Last Wednesday, at “Career Night” during the American Society of Human Genetics annual conference in Baltimore, I was stationed one table over from Robert Steiner, MD, from the Marshfield Clinic Research Foundation in Wisconsin. With young scientists circling us like electrons around nuclei, I never got the chance to break away to talk to him. But I did overhear him discussing the Genomic Postmortem Research Project, an effort to sequence the genomes of 300 dead people.

I was fascinated.

Would knowing the information encoded in the DNA of the deceased have changed their health care? I went to the talk on the project the next day to find out about this clever test of the value of genome sequencing.

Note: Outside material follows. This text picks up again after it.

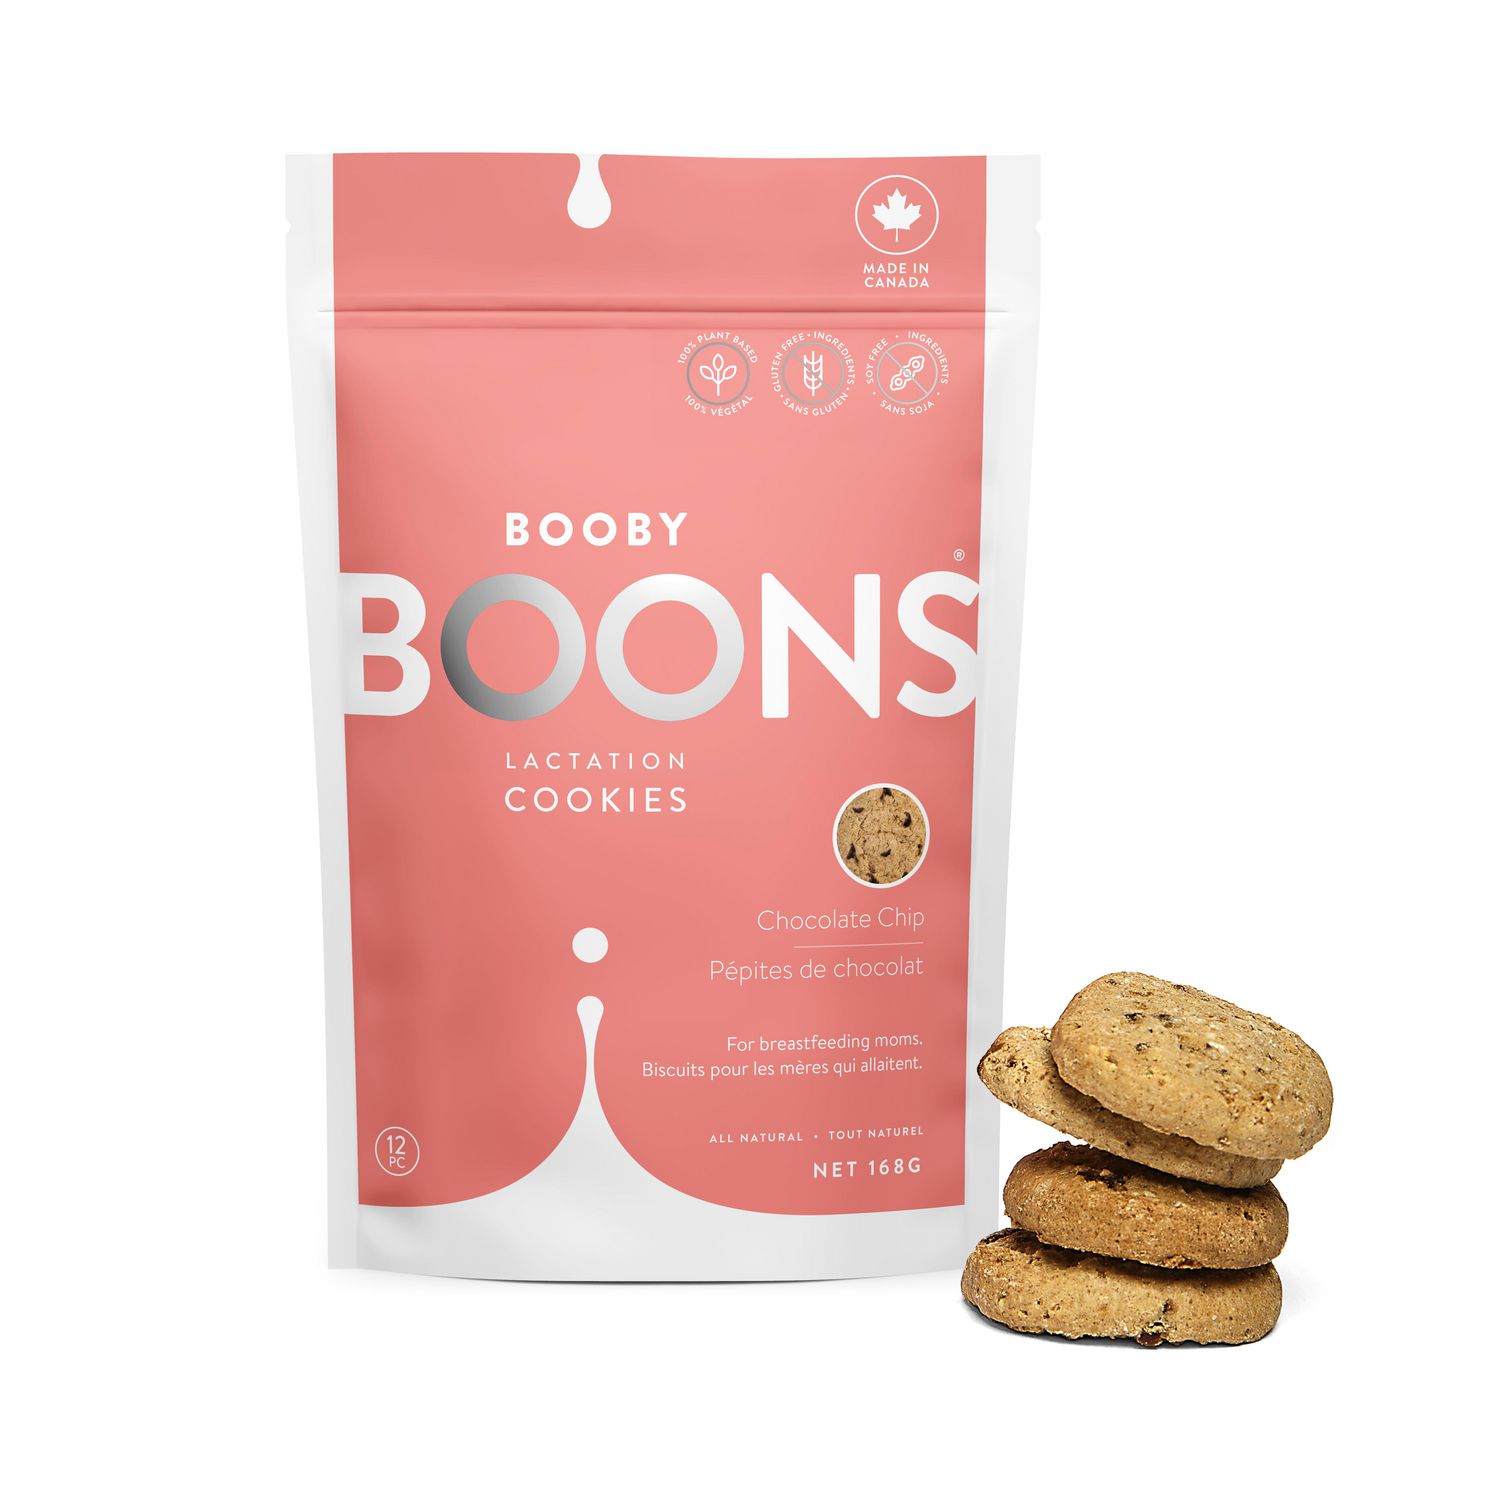 Les meilleurs produits de lactation - Biscuits de lactation par Booby Boons 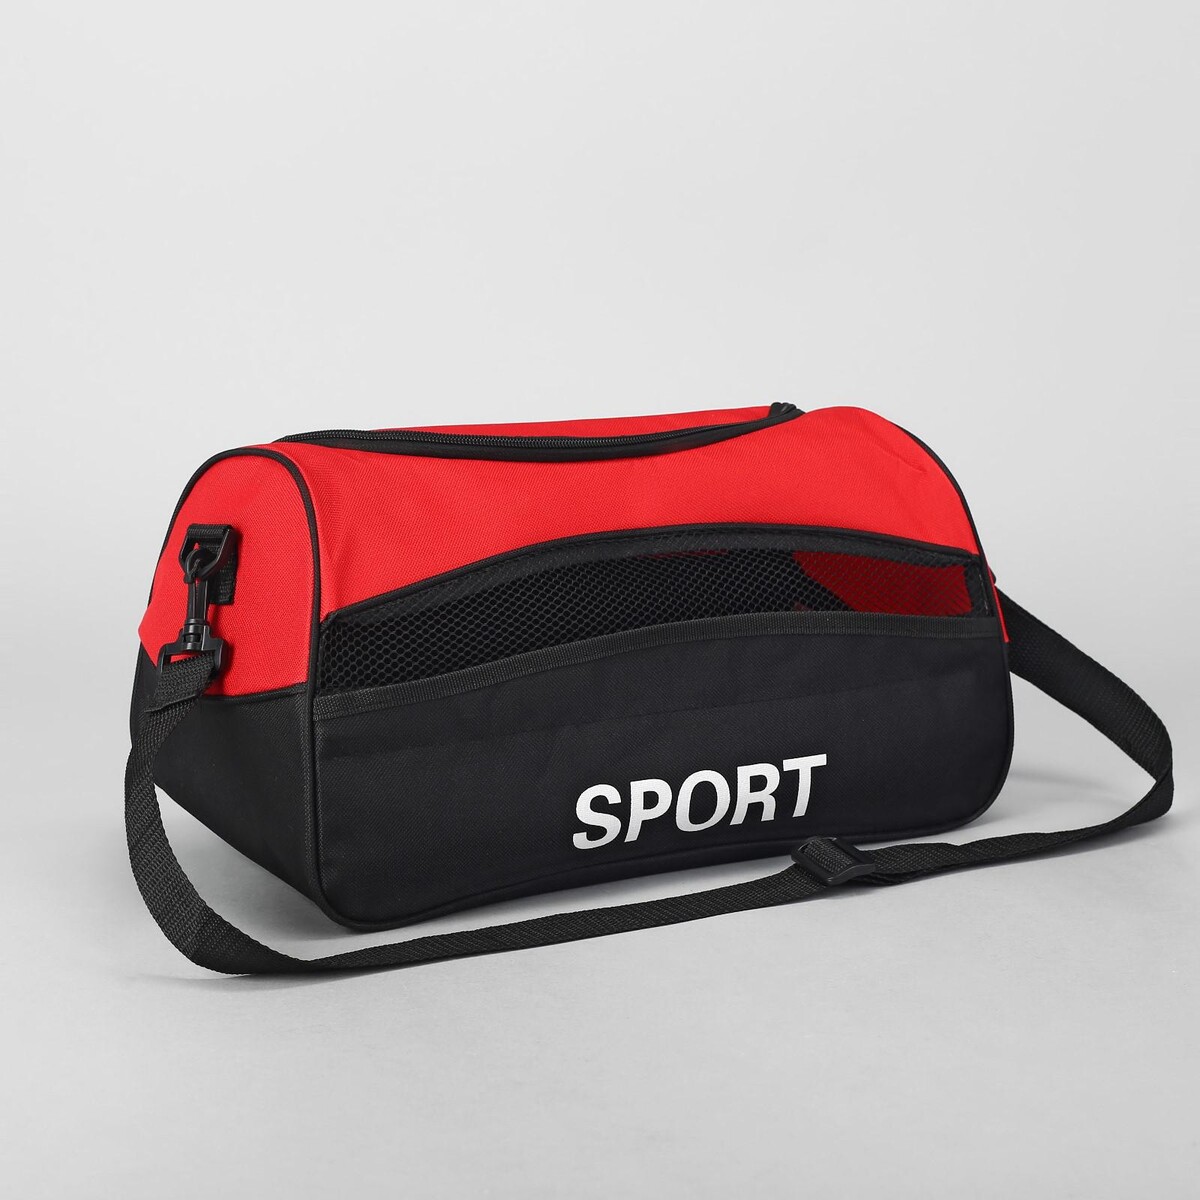 Сумка спортивная на молнии, наружный карман, длинный ремень, цвет красный/черный

A BRIEF HISTORY OF HUMAN GENOME SEQUENCING

Genomes transcend time. The beauty of seeking clues to health in DNA sequences is that this relatively immutable record is present in nearly every cell of an individual. Two copies of our genomes are nestled into the nuclei of cells of our kidneys and spleens, bone marrow and eyeballs, the same blueprint stamped over and over down the cell lineages at every mitosis, with a few somatic mutations spewed here and there. The genome in the fertilized ovum closely matches that in the cells of the 90-year-old it might someday become, given good genes and a lot of luck. And DNA rests within the bone cells of the skeleton long after death, the mitochondrial satellite source even more resistant to time and trauma.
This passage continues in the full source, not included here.